Clarification regarding genuine use
A further topic of the decision is not to be neglected: the BGH clarifies the scope of protection of a prior trademark challenged with the plea of non-use in opposition or infringement proceedings that the scope of protection of such trademark registered for a broad general term of goods/services is limited to the goods/services actually used. However, this means, that – beyond the specifically marketed individual product with all its individual characteristics (in this case credibility for “two-part disposable syringes”) – protection is also provided for similar goods (“gleichartige Waren”, here the product category “medical syringes”). The similarity is to be determined on the basis of an economic analysis. In the specific case, the BGH shares the result of the BPatG of an identity of goods between the extended product category “medical syringes” of the prior marks and the “needle free injection devices” claimed by the younger registration.

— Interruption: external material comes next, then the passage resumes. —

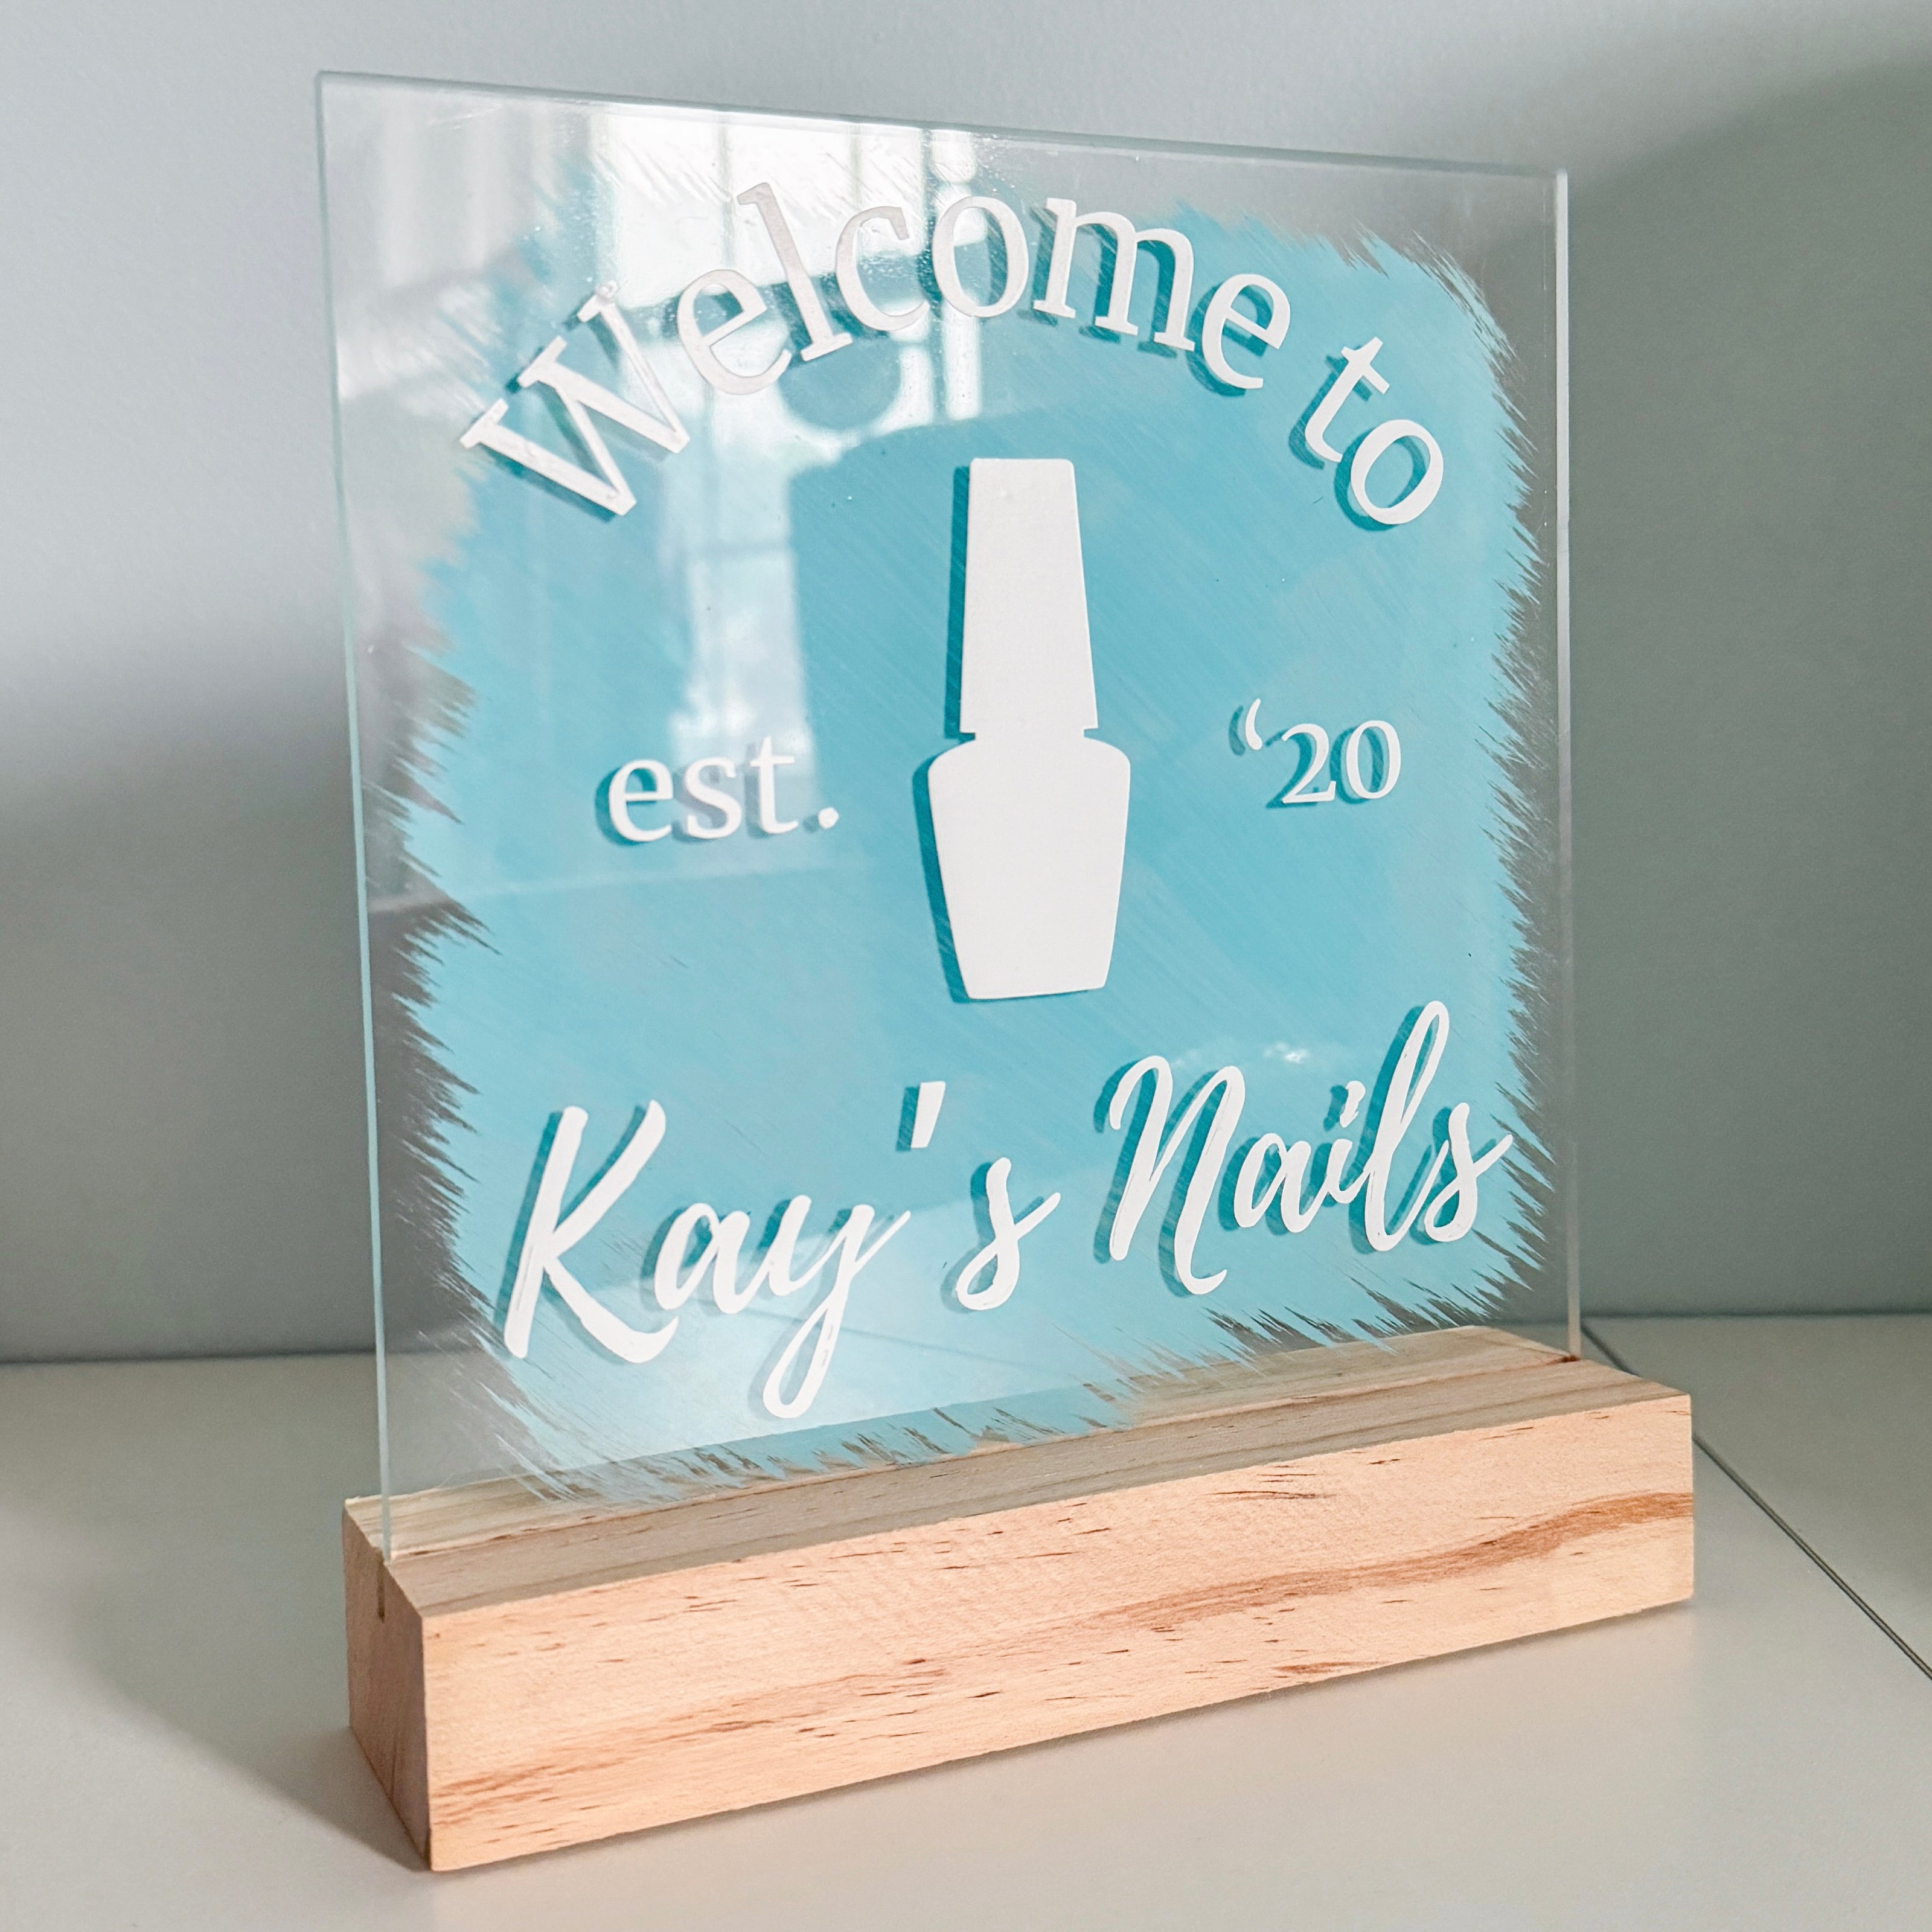 An acrylic sign with a nail salon logo in white with a blue paint background
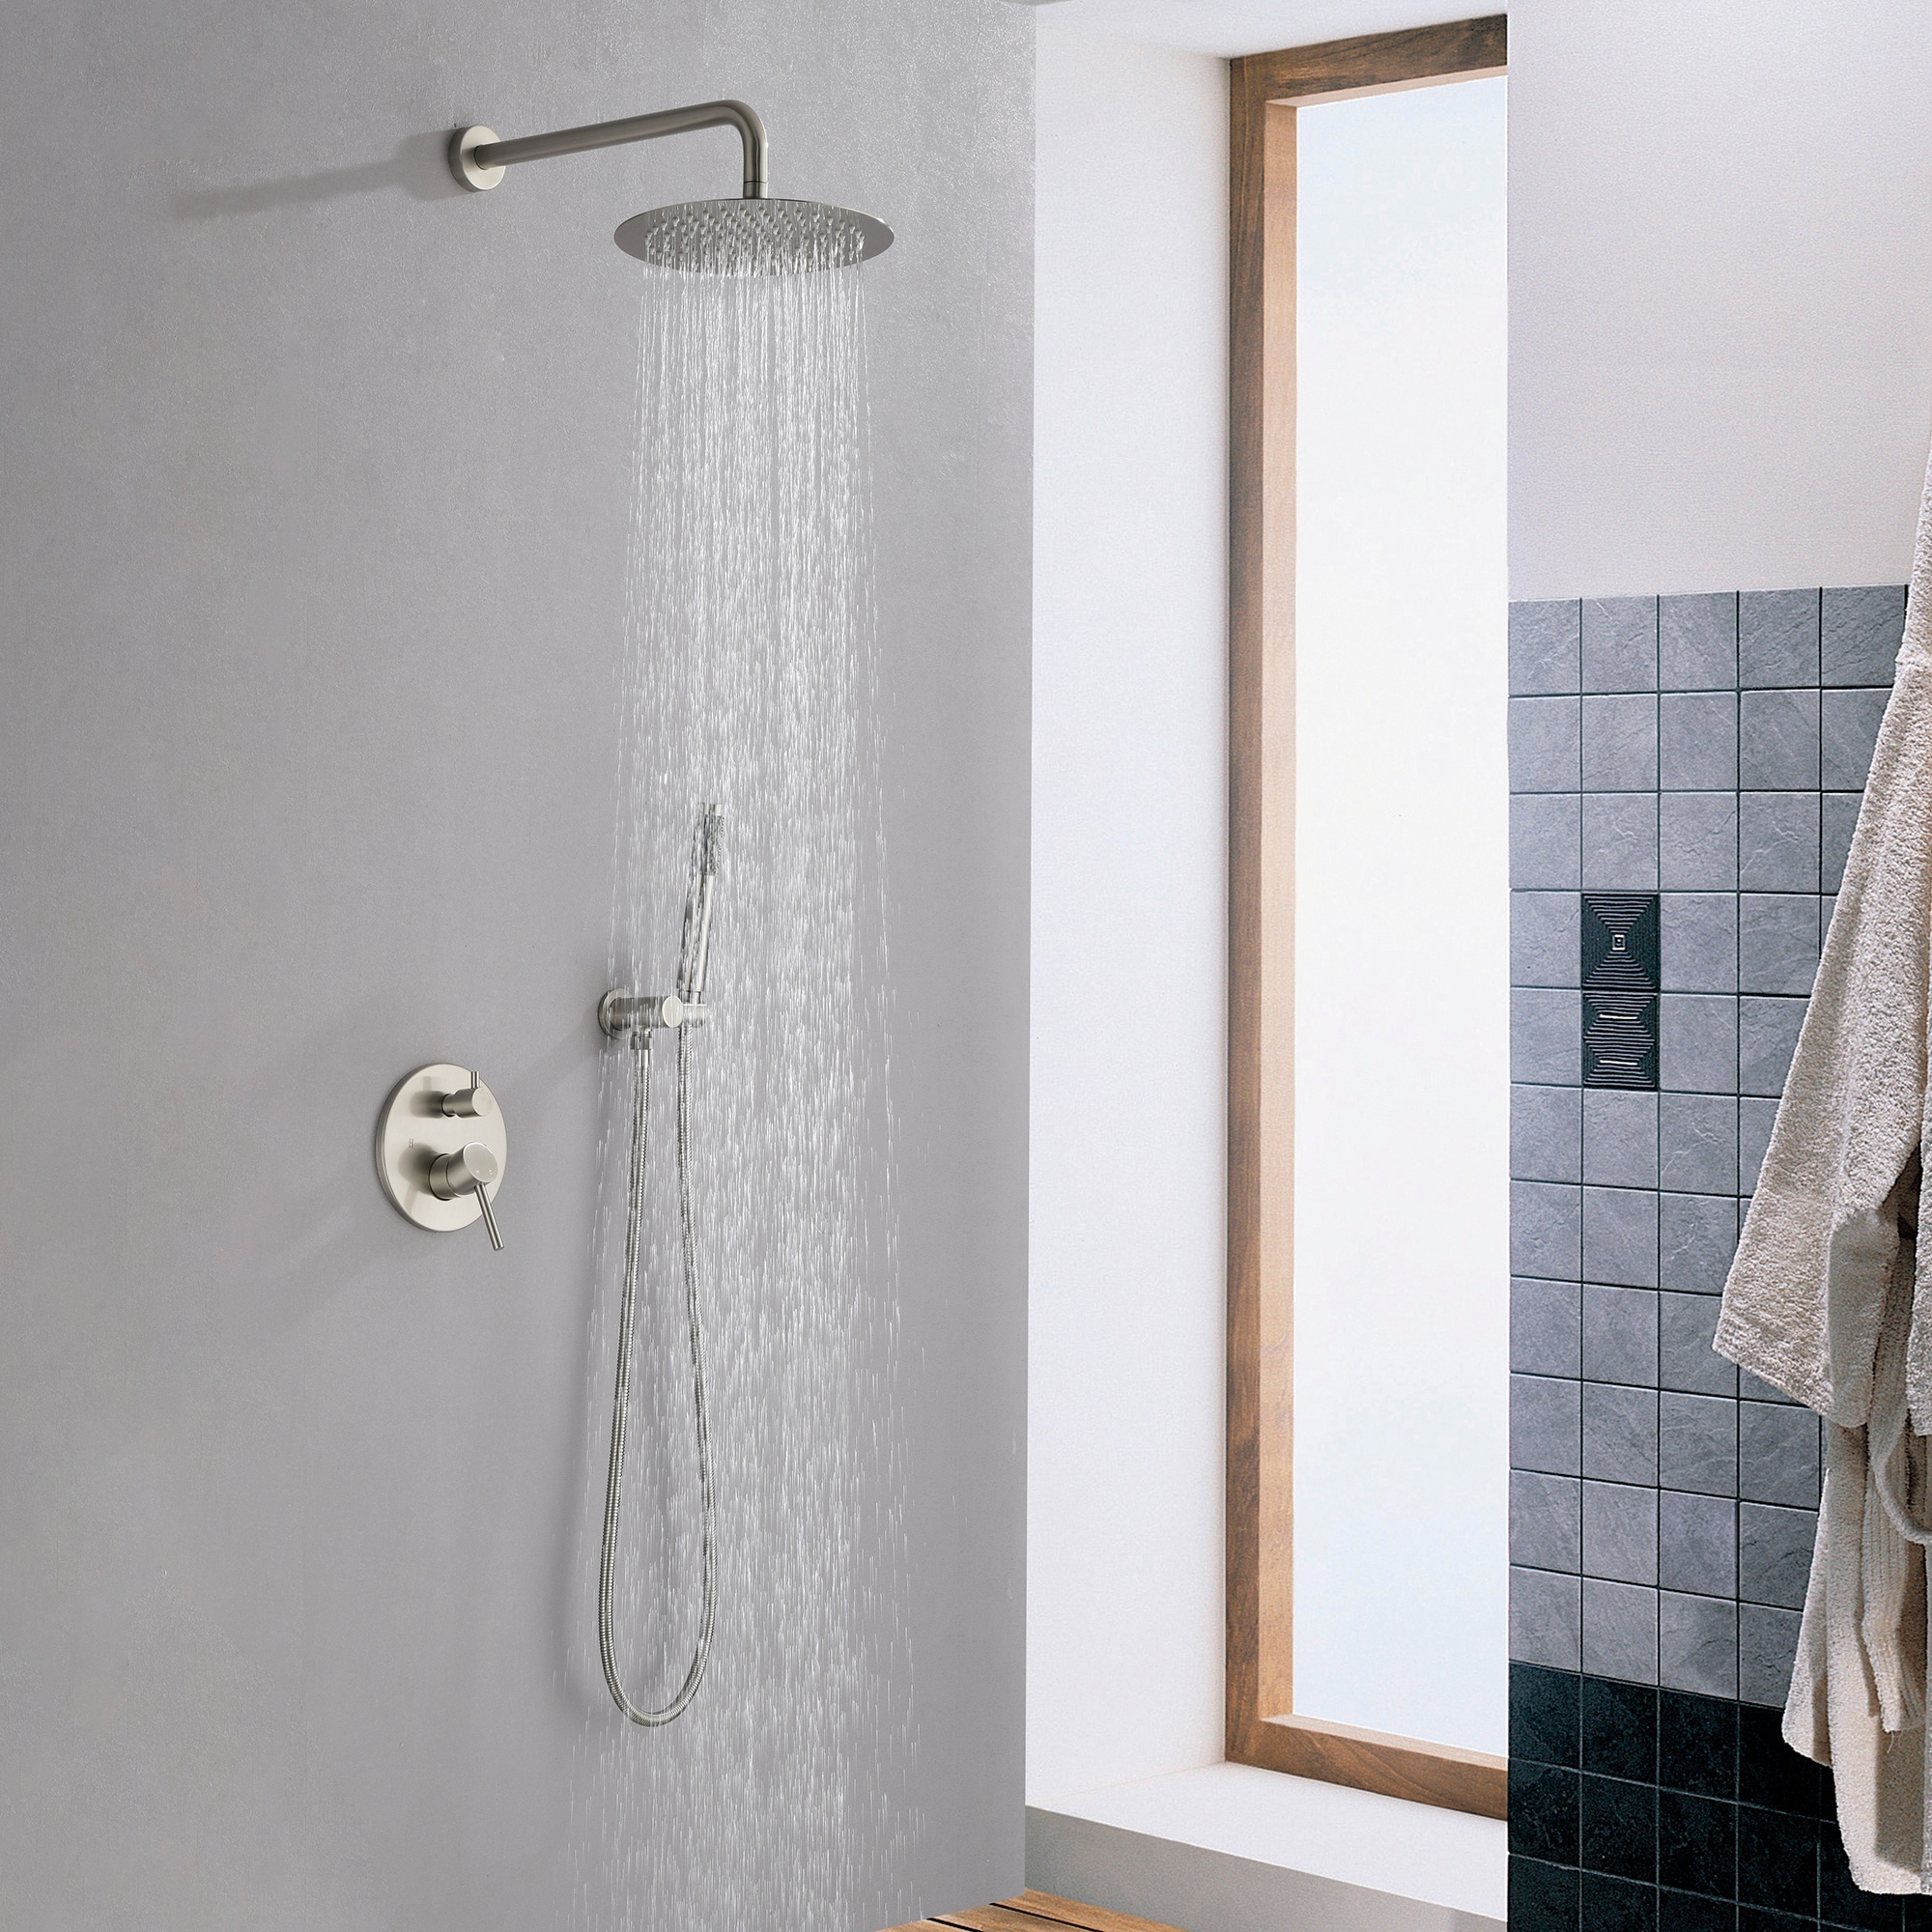 https://ak1.ostkcdn.com/images/products/is/images/direct/75c14b046cb8437e8f0d42dda188e950f019c136/EPOWP-Brushed-Nickel-Bathroom-Shower-System-with-Rough-in-Valve.jpg

From a legal point of view, it is true that genuine use of the prior trademark in trademark infringement or opposition proceedings does not have a scope as broad as in trademark revocation proceedings. Due to the economic “moving space” to be preserved for the owner of the mark contested in revocation proceedings, genuine use for a specific/special product is to be considered genuine use also for a more comprehensive (not too broad) general term of goods in such proceedings. In trademark infringement proceedings, the use requirement generally requires the prior trademark being treated as if it had only been registered for the goods specifically used. However, this narrower perspective also includes – somewhat more broadly – similar goods.